= Himali Singh Soin =

Indian writer and artist

Himali Singh Soin is an Indian writer and artist currently who works between New Delhi and London. Singh Soin's interdisciplinary work focuses on the nature of identity, environmental issues, and the notion of deep time. She works across film, spoken word, performance, epistolary poetry, animation, music, and embroidery, which allows her to interweave complex concepts and narratives together. Singh Soin has performed and exhibited at the Serpentine Galleries, Dhaka Art Summit, Somerset House, Devi Art Foundation, and Performa, and won the India Foundation for the Arts Award, and the Frieze Artist Award.

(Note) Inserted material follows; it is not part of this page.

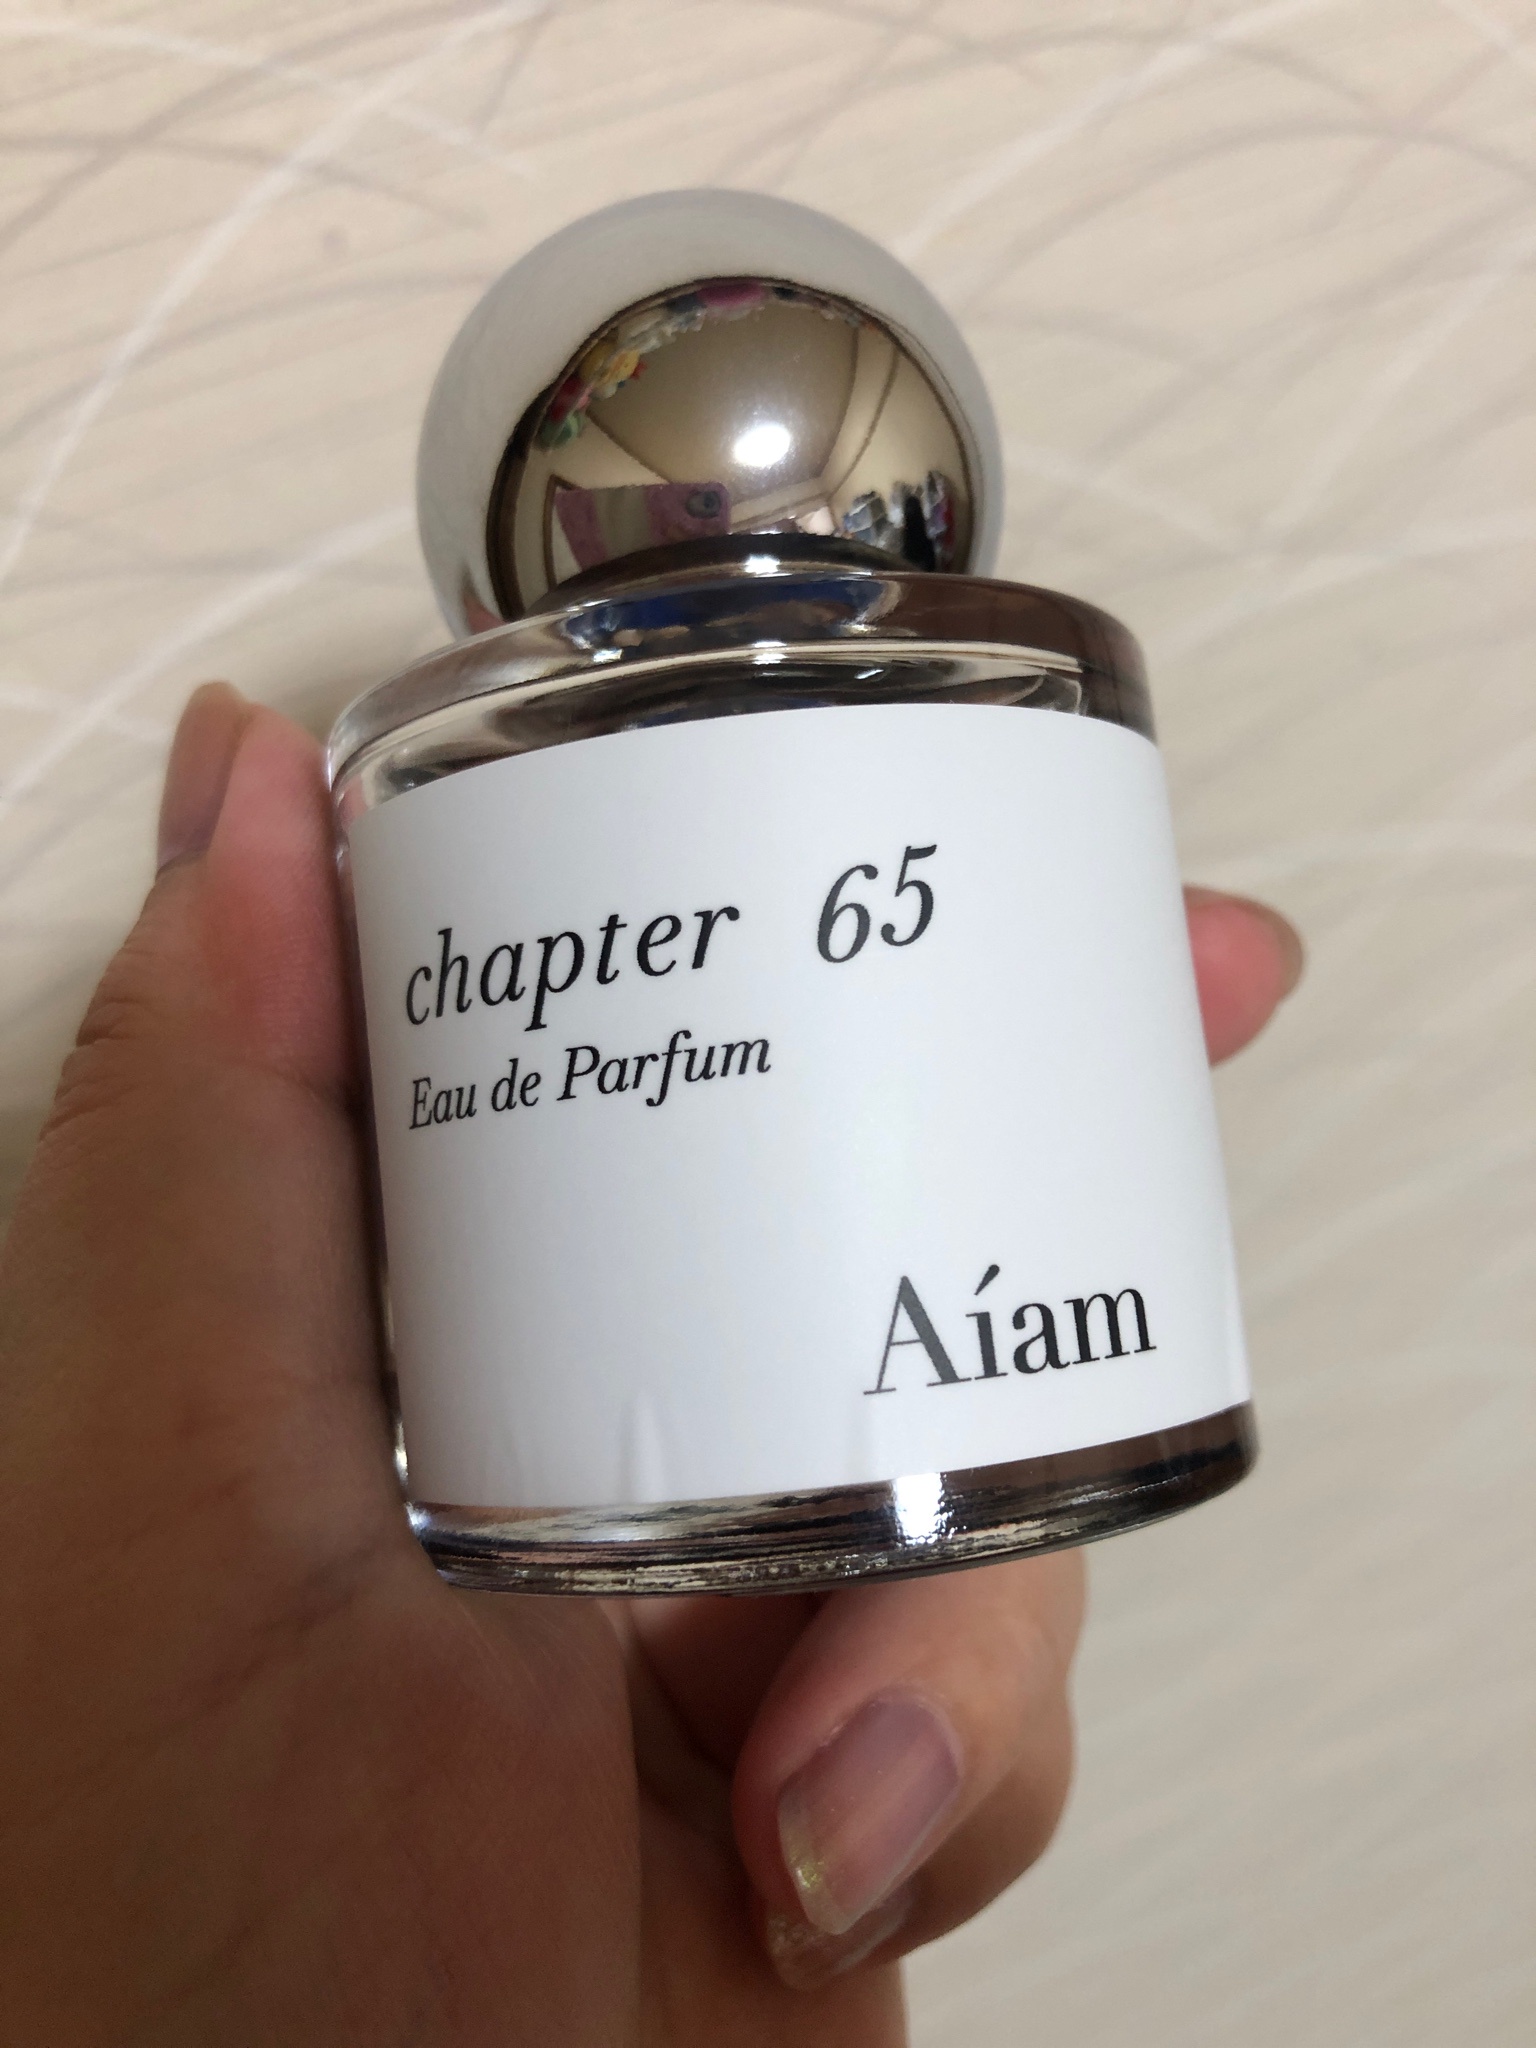 Aiam chapter 65 香水 50ml - ユニセックス

== Early life and education ==
Himali Singh Soin was born in 1987. Although she is from North central India and spent her youth in Delhi, she attended school in London and eventually went on to receive a BA in Theatre and English from Middlebury College, a MA in English Literature from The Bread Loaf School Of English and an MFA from Goldsmiths, University of London. Her work is heavily influenced by her Indian identity as she grapples with a feeling of alienation, nativism, nationality, and colonialism as a result of her upbringing in western culture. Her practice also draws heavily from her many travels. Growing up her father was an explorer who ventured as far as the arctic. Her parents would go on to make a travel company resulting in an annual family expedition which allowed Singh Soin to acquire inspiration and materials for her work.

== Art ==
Himali Singh Soin focuses on the themes of ecological loss, the loss of home, the search for shelter, issues of identity, and the nature of time. She uses metaphors from outer space and the natural environment in order to create fictional cosmologies that reflect upon the relationship between human and non-human life. The artist works in a range of media including performance, moving image, writing, sound, and text-based work.

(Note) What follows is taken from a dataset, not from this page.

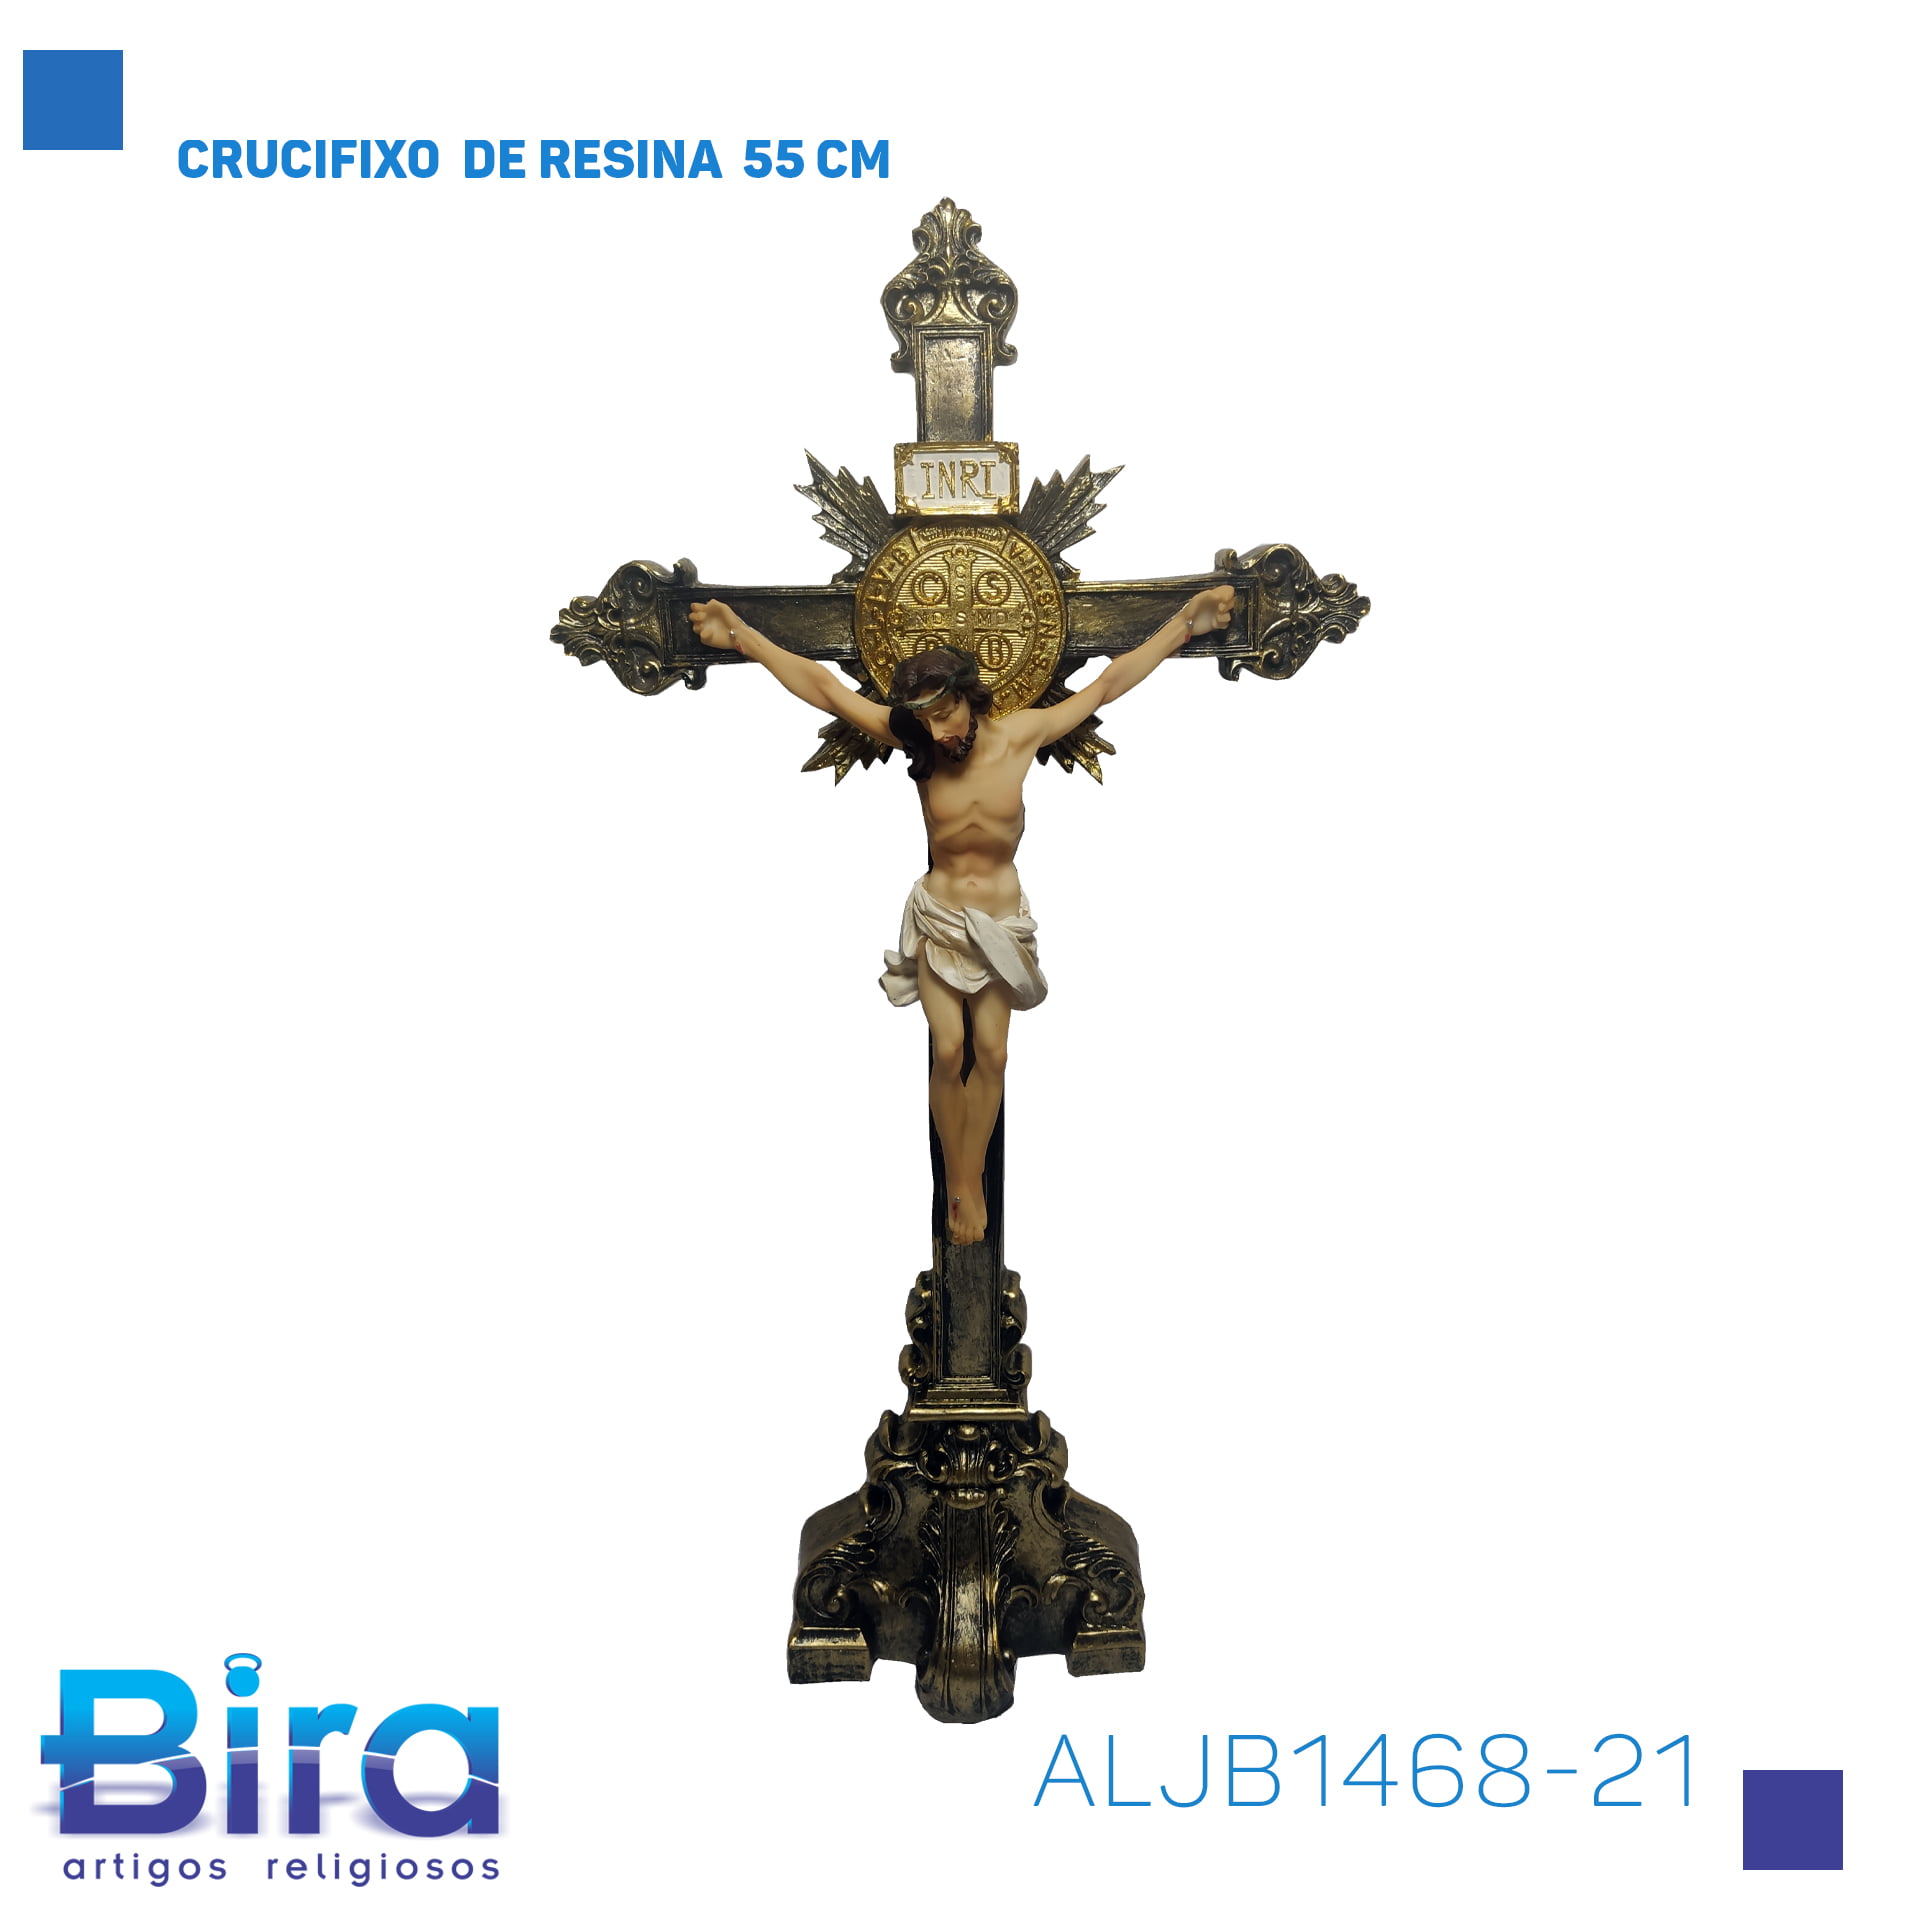 Bira Artigos Religiosos - CRUCIFIXO  DE RESINA  55 CM CÓD. ALJB1468-21

We are Opposite Like That II: In 2019, Frieze commissioned Himali to create an artwork inspired by her journey to the Arctic Circle that reinvents traditional stories of exploration. She created a film titled We are Opposite Like That II, that gives a feminist take on typical male explorer narratives and colonial ideas through a fantastical and imaginative lens. The film also reflects on the idea of ice as an archive of stories that risk being lost due to glacial melt. In the film, Singh Soin plays the role of a tropical creature which transforms into ice and awakens the permafrost to become a living entity.

Ancestors of the Blue Moon: When Himali joined the Whitechapel Gallery Writer in Residence Program in 2020, she created a series of texts titled The Ancestors of the Blue Moon that researched her ancestral roots. The "flash fictions" collection discusses concepts like her namesake, the Himalayas, animistic rituals or remedies, mystical geometries, old-new materialism, and spirit realism. The texts are written from the perspective of forgotten deities who are recounting the world that they witness, and refer to the Tibetan Buddhist conception of the astral planes of existence as well as the rare blue moon that transforms linear time into mythical time.